The ridge plot shows:
- Each pathway as a density ridge
- Color indicates enrichment direction (Up = red, Down = blue)
- The distribution of log2 fold changes for genes within each pathway
- A vertical dashed line at 0 for reference

## Comparing GSEA and DAA Results

It can be informative to compare the results from GSEA with those from Differential Abundance Analysis (DAA):

```{r compare-gsea-daa, eval=FALSE}
# Run DAA analysis
daa_results <- pathway_daa(
  abundance = abundance_data,
  metadata = metadata,
  group = "Environment",
  daa_method = "ALDEx2"
)

# Annotate DAA results
annotated_daa_results <- pathway_annotation(
  pathway = "KO",
  daa_results_df = daa_results,
  ko_to_kegg = TRUE
)

# Compare GSEA and DAA results
comparison <- compare_gsea_daa(
  gsea_results = annotated_results,
  daa_results = annotated_daa_results,
  plot_type = "venn",
  p_threshold = 0.05
)

# Display the comparison plot
comparison$plot

# View the comparison results
comparison$results
```

## Conclusion

Gene Set Enrichment Analysis provides a complementary approach to Differential Abundance Analysis for interpreting PICRUSt2 predicted functional data.
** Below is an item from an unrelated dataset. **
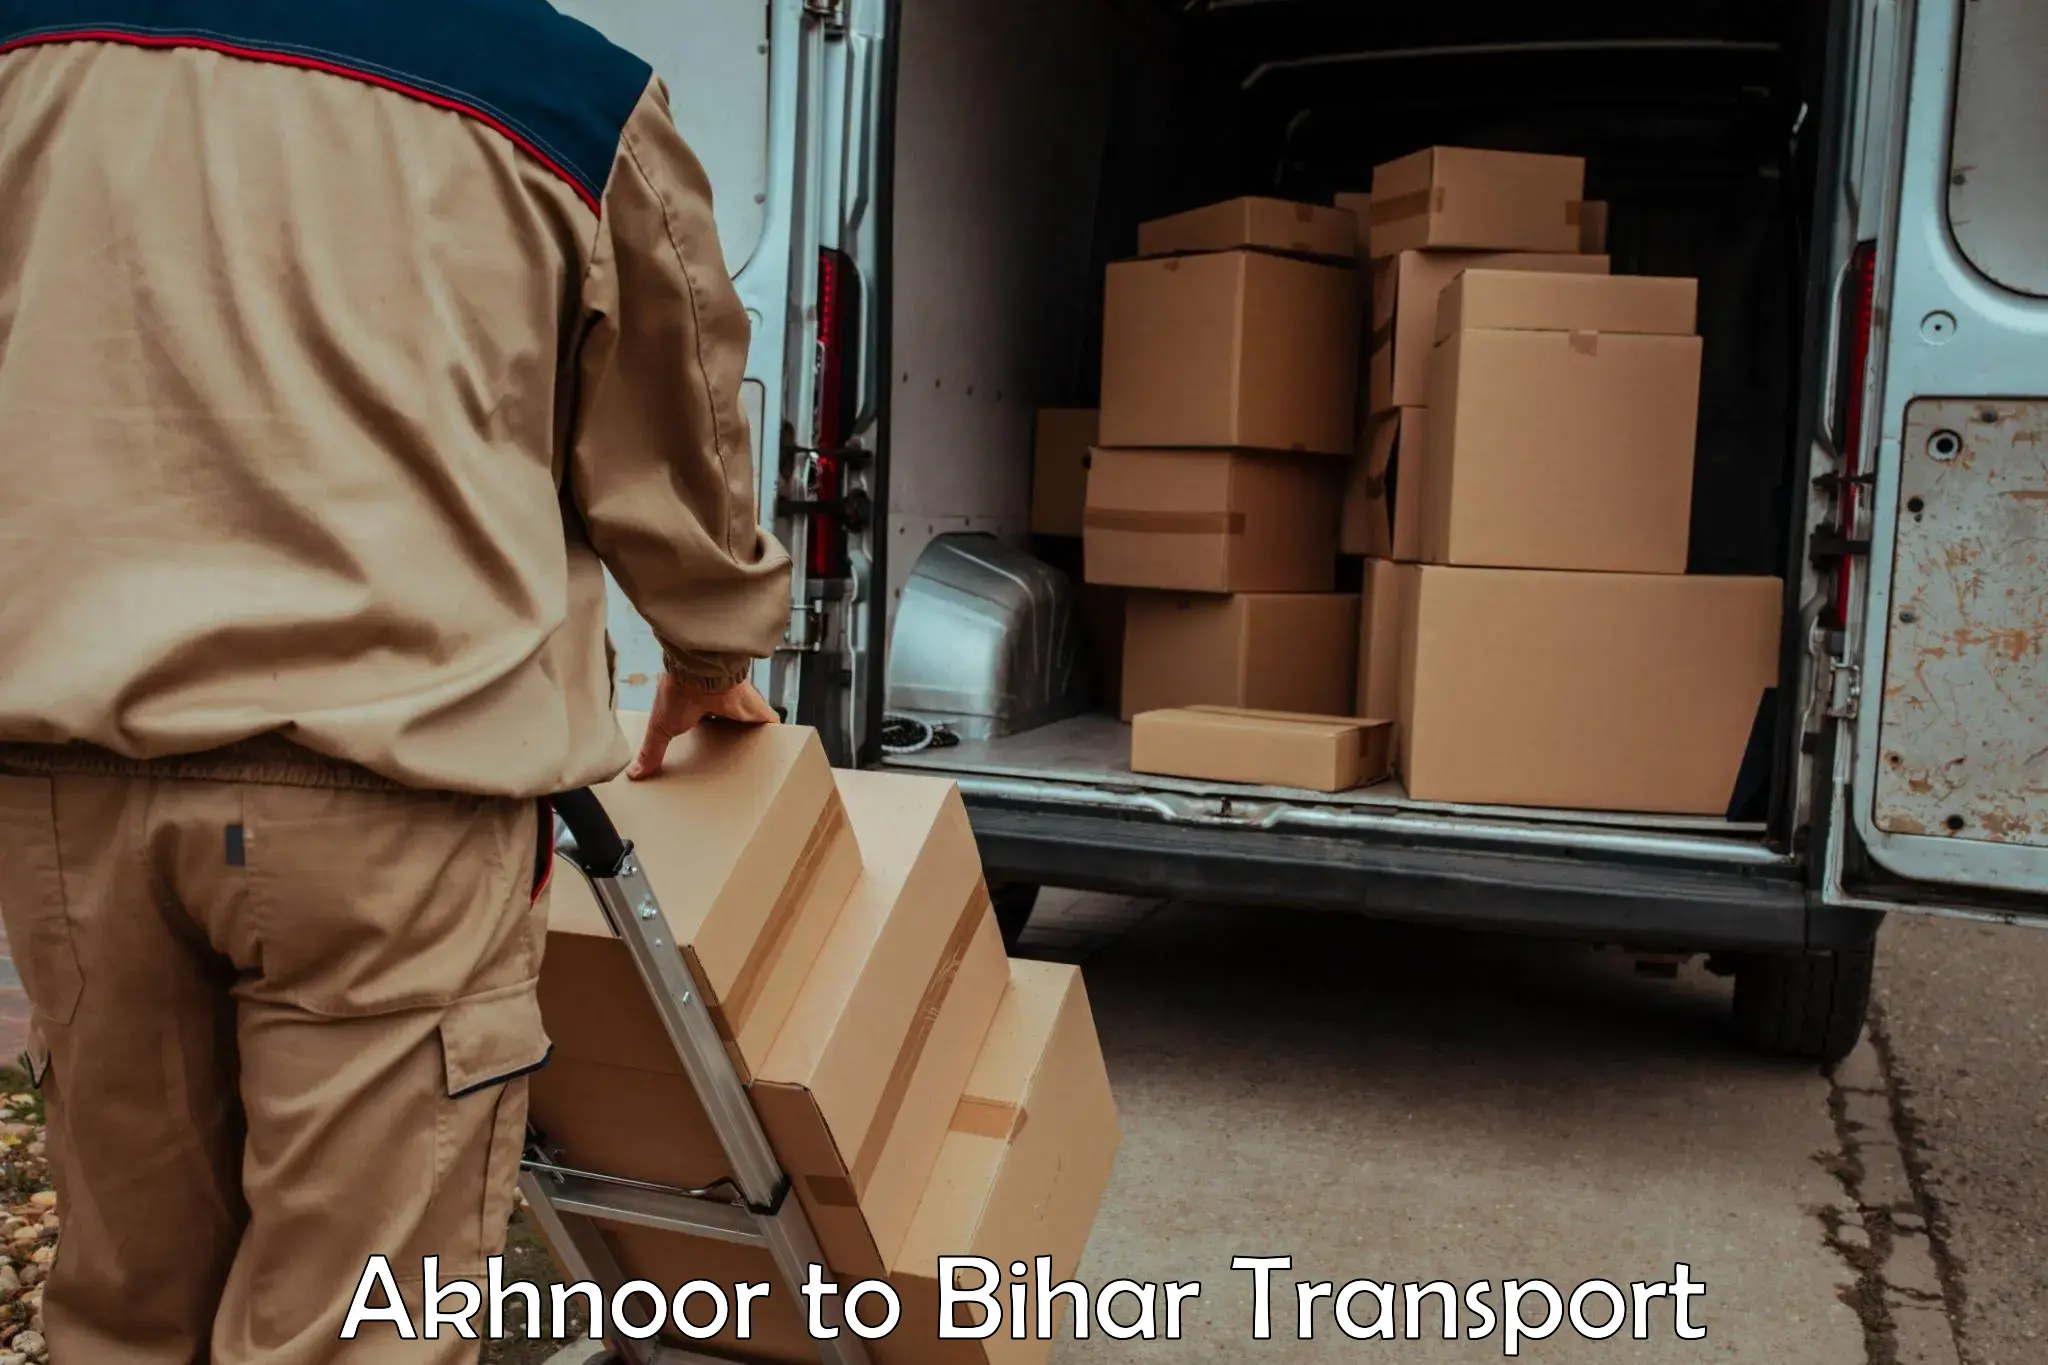 Cargo transport services Akhnoor to Kochas

By focusing on pathways rather than individual features, GSEA can help identify biologically meaningful patterns that might be missed by traditional methods.

### Key Recommendations

1. **Use `camera` method (default)** for most analyses - it provides more reliable p-values by accounting for inter-gene correlations

2. **Adjust for covariates** when you have confounding factors like age, sex, or BMI in your study design

3. **Use `fry` method** when you need faster computation for large gene set collections

4. **Use preranked methods (`fgsea`)** only when you need compatibility with existing workflows, and interpret p-values with caution

### References

- Wu, D., & Smyth, G. K. (2012). Camera: a competitive gene set test accounting for inter-gene correlation. *Nucleic Acids Research*, 40(17), e133.
- Wu, D., et al. (2010). ROAST: rotation gene set tests for complex microarray experiments. *Bioinformatics*, 26(17), 2176-2182.

The ggpicrust2 package now offers a comprehensive suite of tools for both DAA and GSEA analyses, making it easier to gain insights from microbiome functional prediction data.